Detergent pods are available for free, but since some people take them back to their cabins to do hand washing, they sometimes aren’t available. So check before loading your laundry into a washer to make sure one is available.

Another consideration when packing is storing what you’ve brought in the cabin. Our cabin on the Queen Elizabeth has three large closets (one for full-length clothes, and two divided top and bottom for shorter clothes such as folded trousers, shirts, etc.). One of the closets has three deep shelves at the top with a safe on one shelf.

The desk has two small drawers (one holds a hairdryer), and the two bedside cabinets have three small drawers in each, which don’t hold much more than some underwear. Two large drawers are under the bed. Suitcases fit under the bed, and if you still need extra storage space, you can store items in the cases and pull them out as needed. If you don’t need the cases, the cabin attendant will arrange to have them stored.

Storage Drawers




As for bringing bottles of alcohol onboard, there is really no need to (and why risk having one break in your luggage). You can buy bottles on board at duty free prices and enjoy a drink in your cabin if you want. In fact, Cunard occasionally sends reminders to the cabin that specials on various brands are available. Bring a corkscrew if you plan to buy wine on shore.

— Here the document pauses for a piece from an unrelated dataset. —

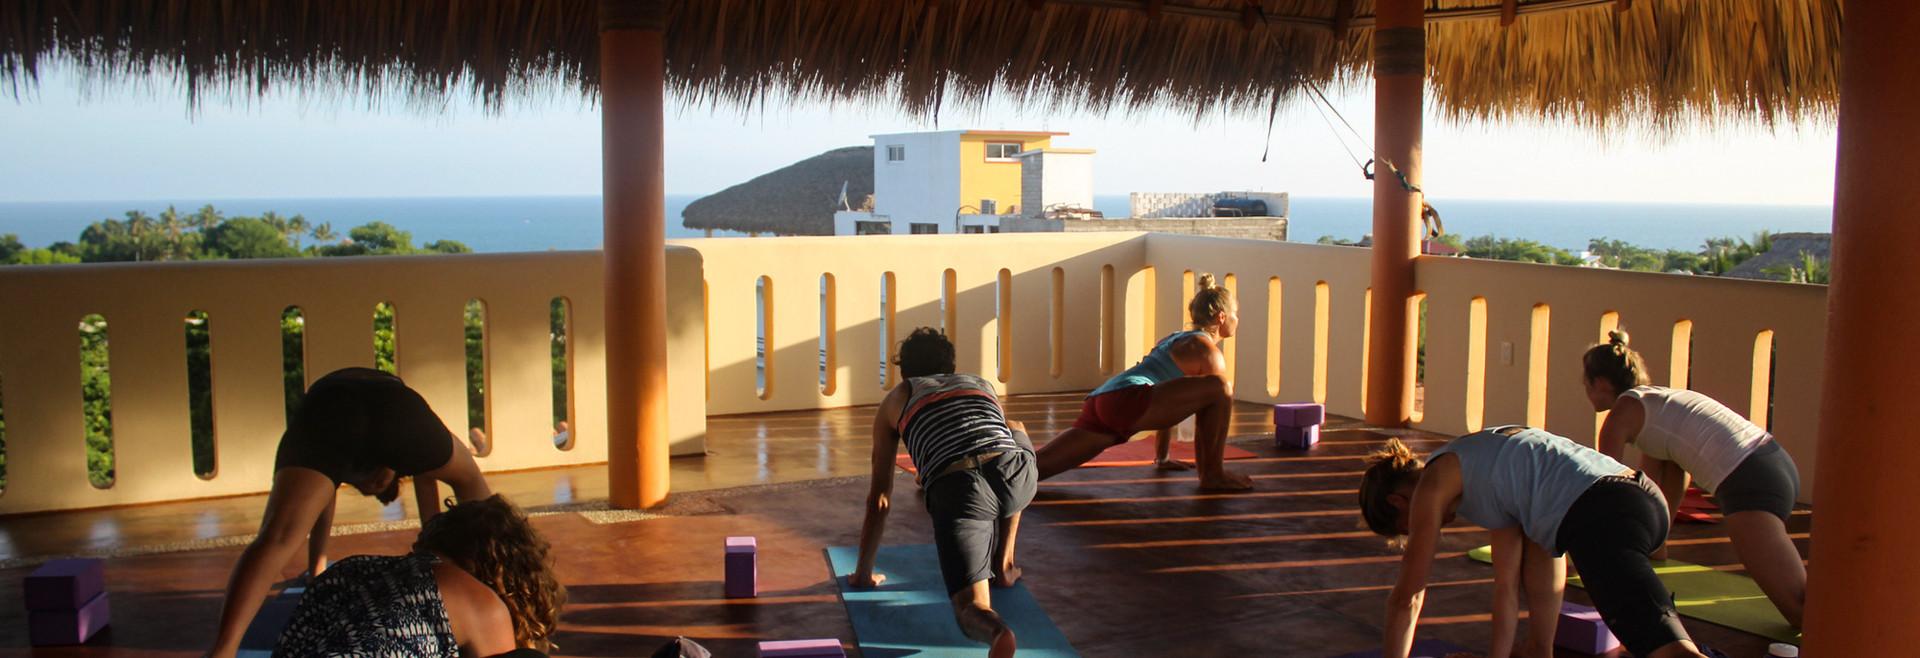 yoga 1a.jpg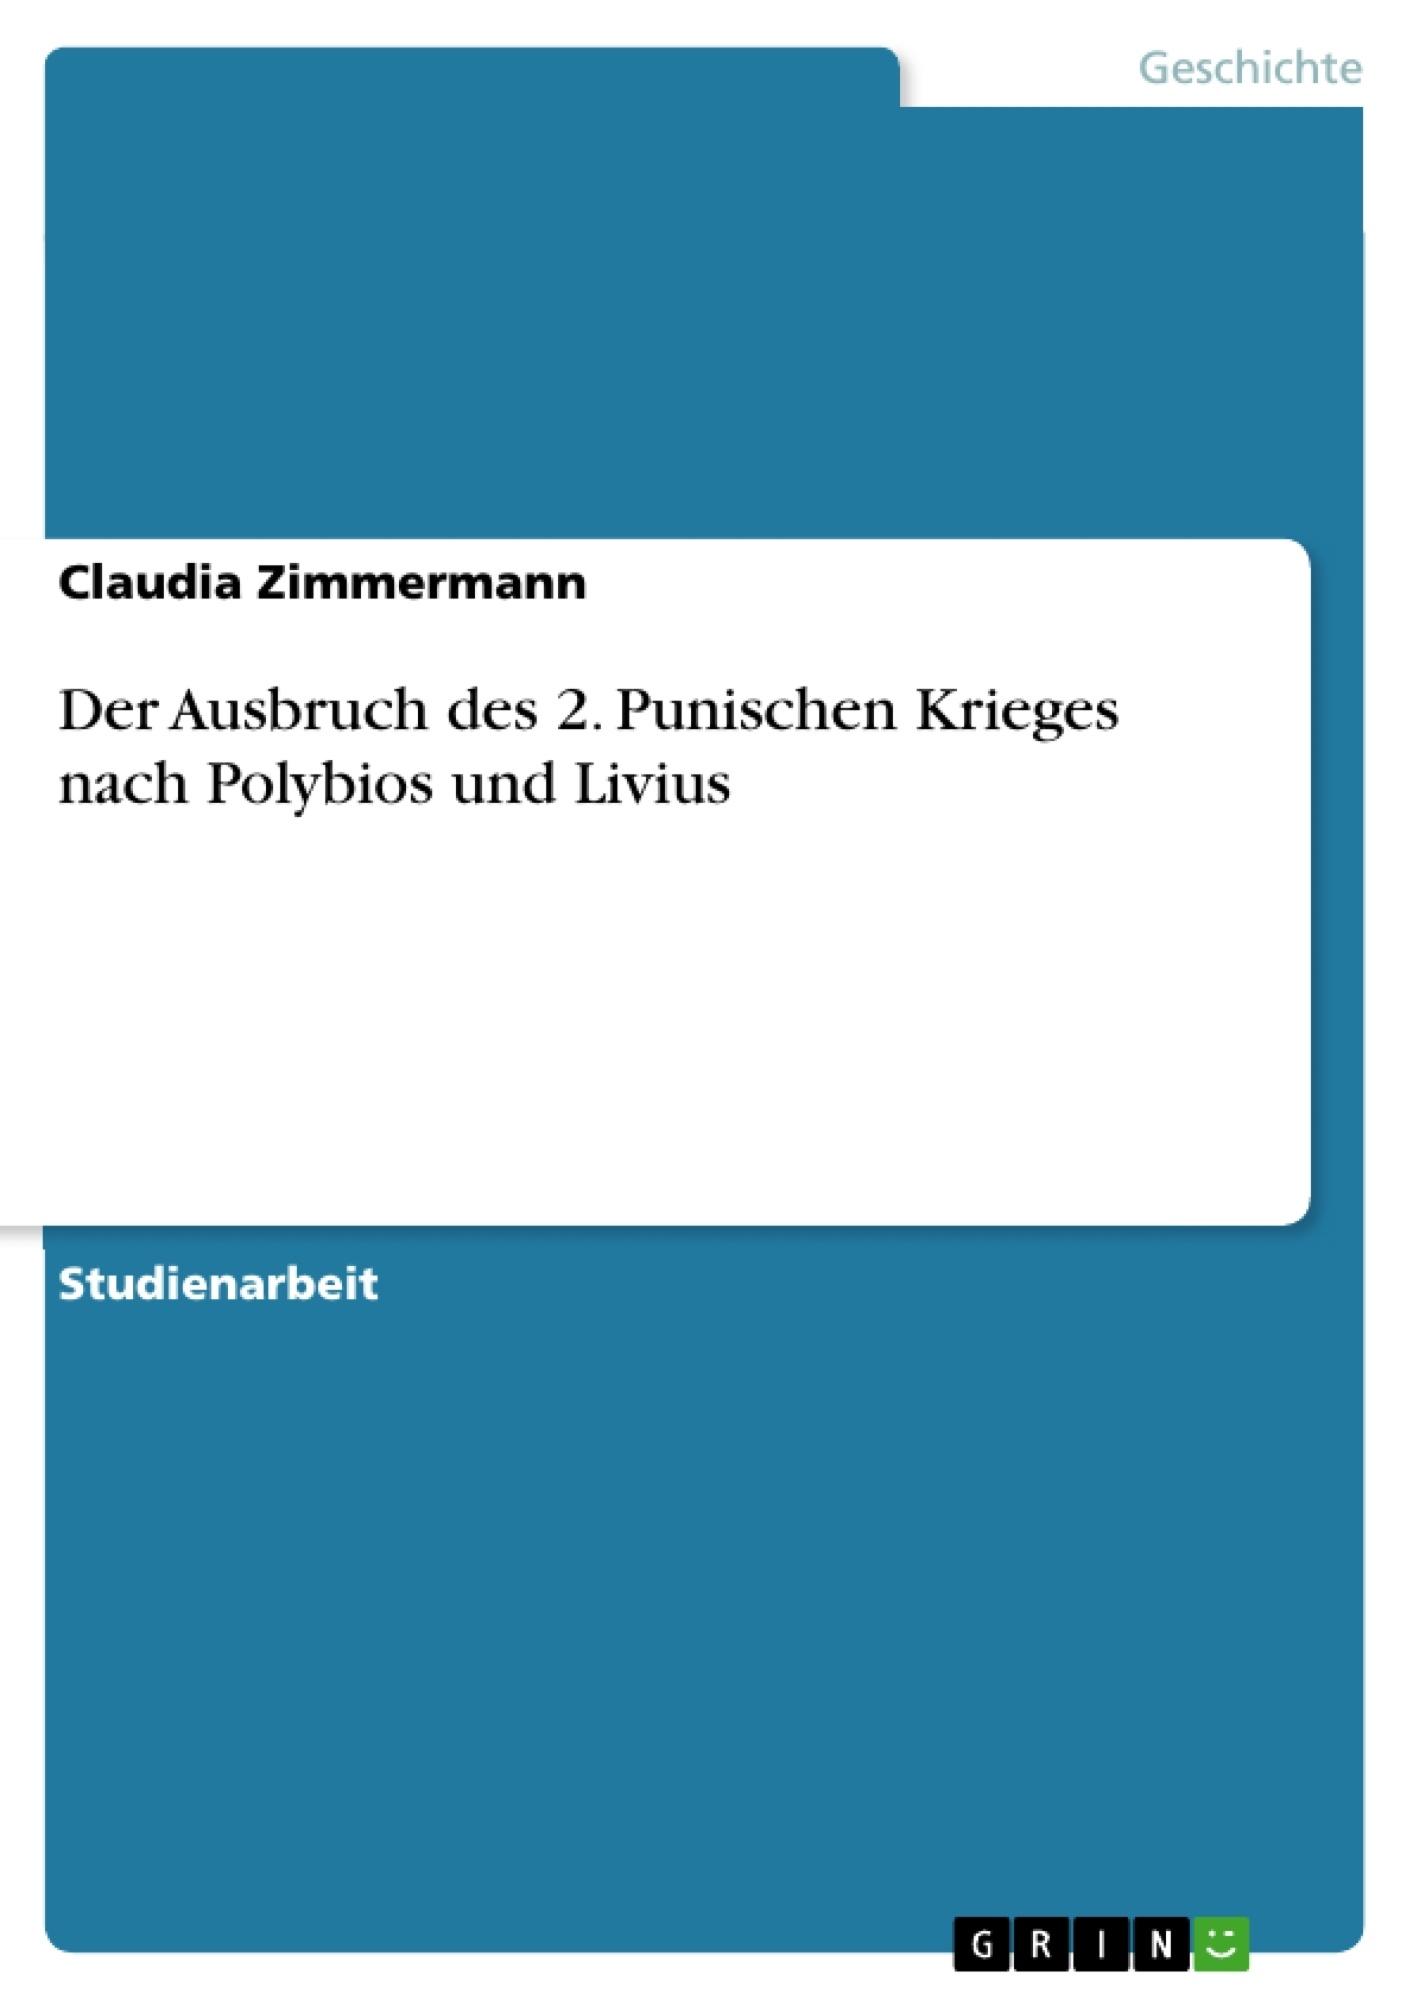 Titel: Der Ausbruch des 2. Punischen Krieges nach Polybios und Livius

Make sure you bring rechargers for all electronic items you bring with you. We once did a trip without the recharger for the camera battery and spent lots of time in various ports trying to buy one.

One final word: make a list and check it twice. Even as carefully as we planned, we still forgot items. And if you are traveling with a spouse, give them a checklist and suggestions. They will tell you that they’ve packed everything and will discover later that they haven’t. It’s the same gender that won’t ask directions.